Saved entries:

☆ ☆ ☆ ☆

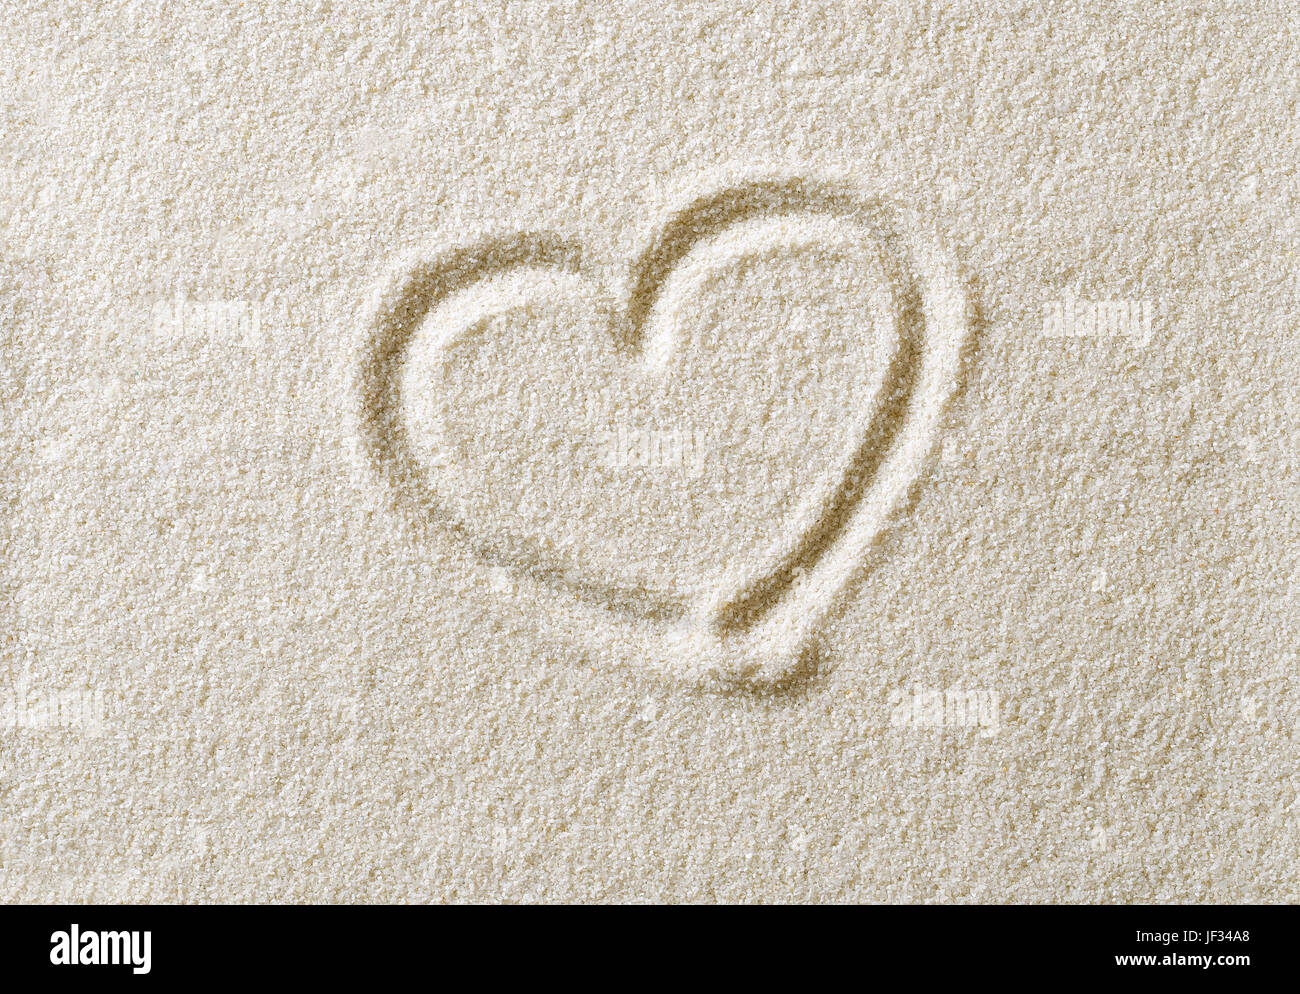 Cuore simbolo disegnato in superficie di sabbia. Forma di cuore, un ideograph per esprimere emozioni come amore romantico. Metaforica. Foto macro close up dal di sopra. Foto Stock
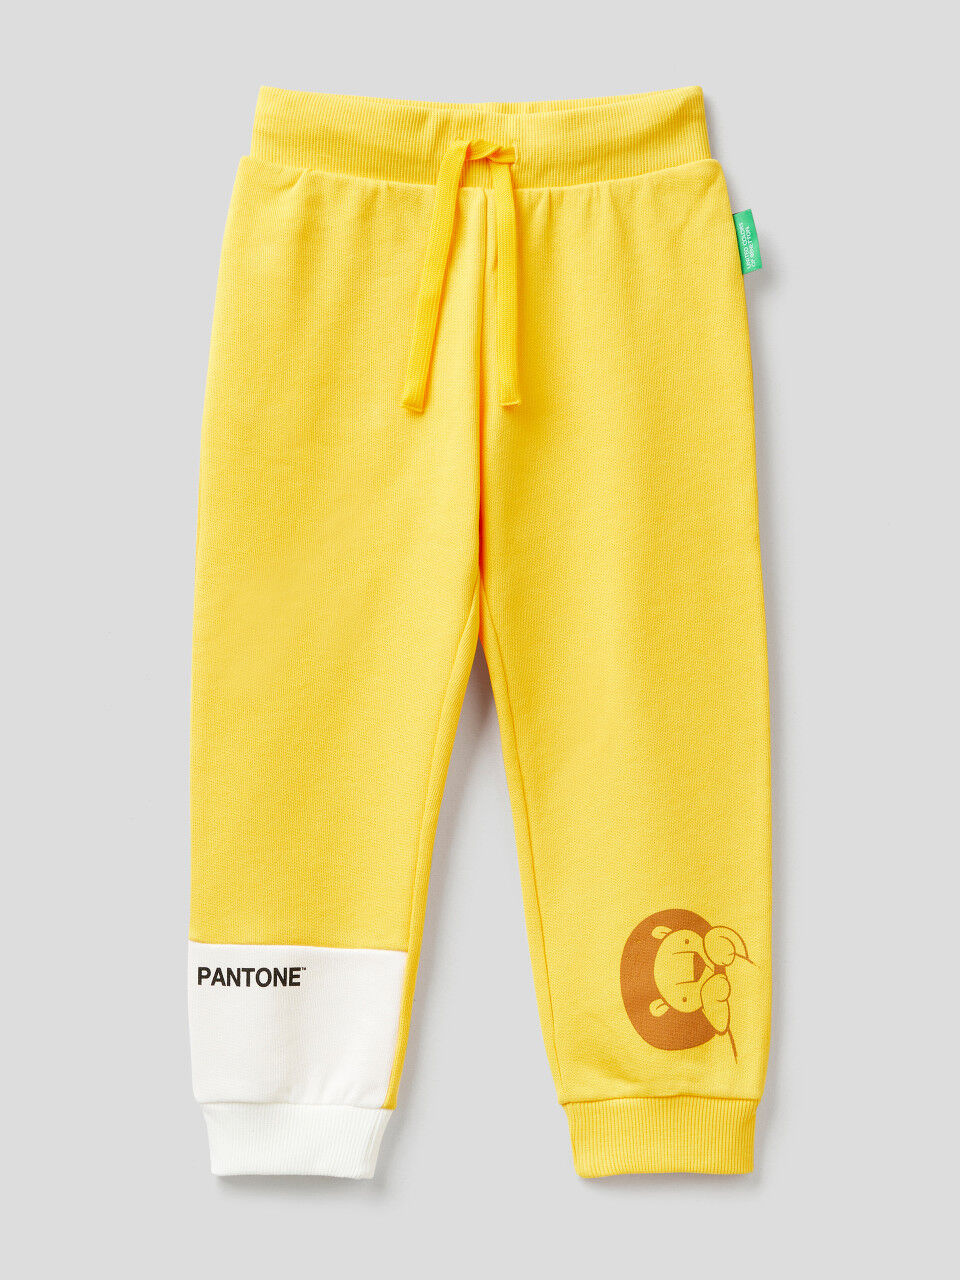 Pantalón amarillo de felpa BenettonxPantone™
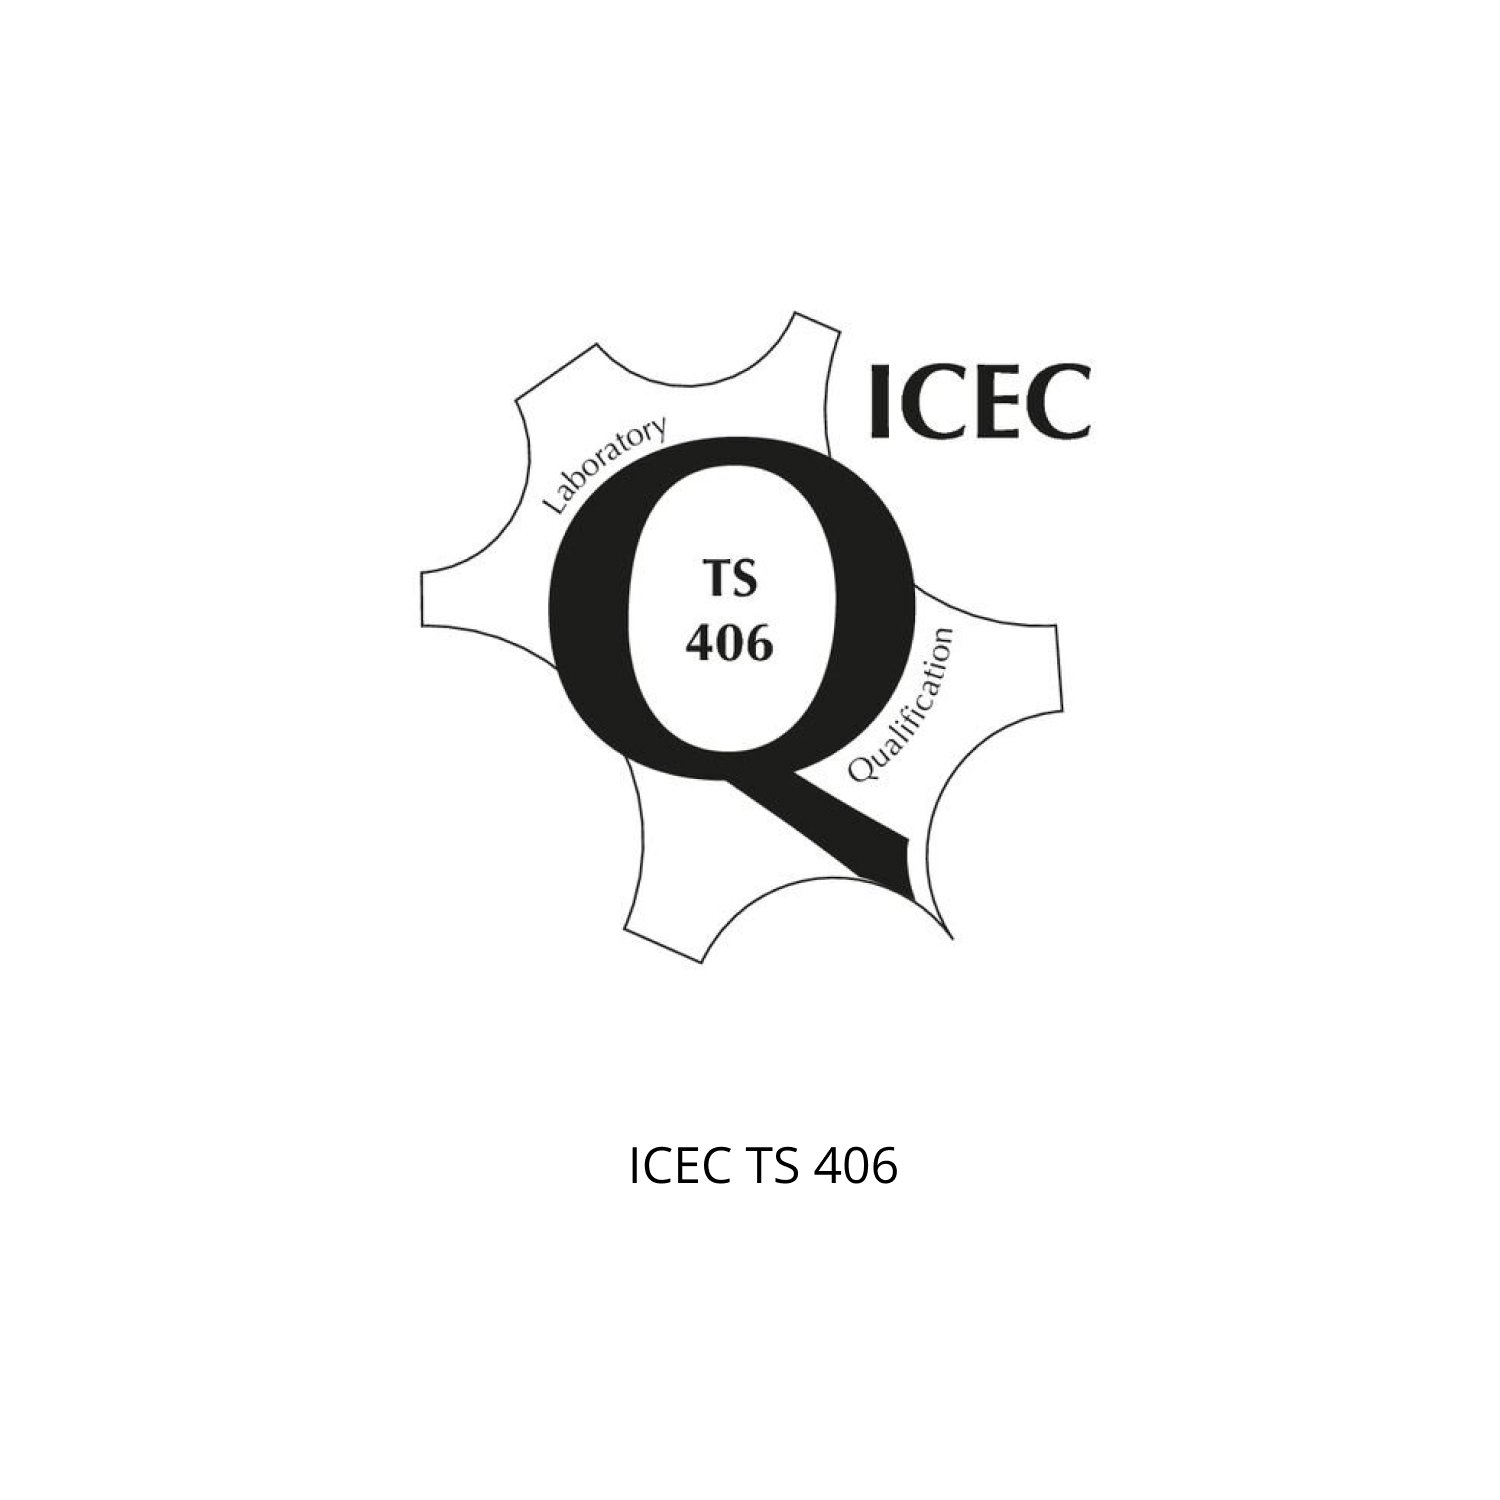 ICEC TS 406.jpg (Copia) (Copia) (Copia)
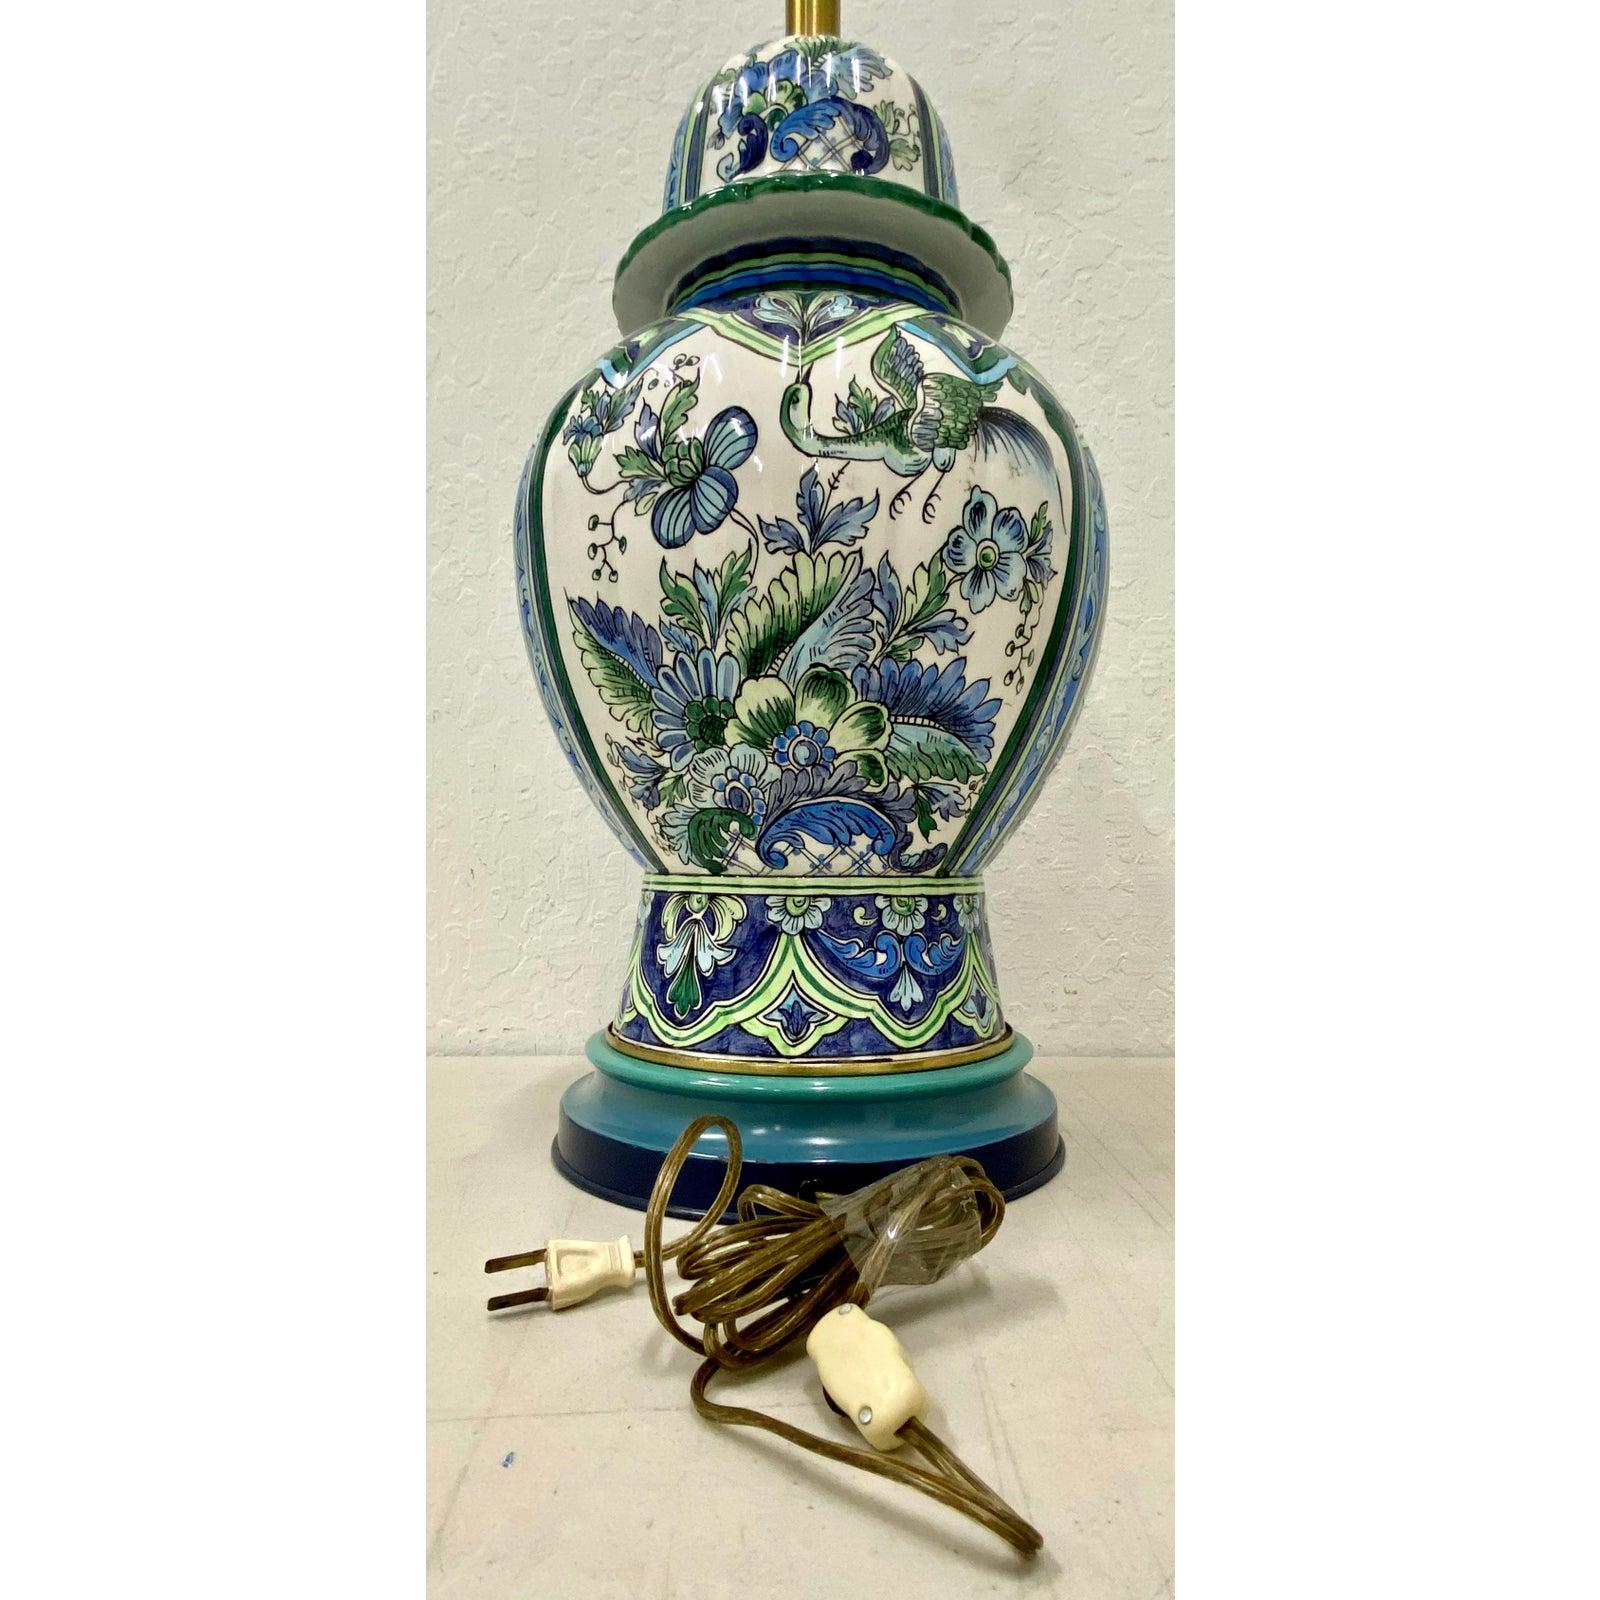 Vintage handbemalte Keramik-Tischlampe mit Original-Schirm von Marbro, um 1970

Maße: 11

☆ ☆ ☆ ☆

→ Exercise instructions
Your answer must restate the entries word for word and contain no pictures.

→ Completed exercise
 Cuore simbolo disegnato in superficie di sabbia. Forma di cuore, un ideograph per esprimere emozioni come amore romantico. Metaforica. Foto macro close up dal di sopra. Foto Stock
 Pantalón amarillo de felpa BenettonxPantone™
 ICEC TS 406.jpg (Copia) (Copia) (Copia)
 Vintage handbemalte Keramik-Tischlampe mit Original-Schirm von Marbro, um 1970

Maße: 11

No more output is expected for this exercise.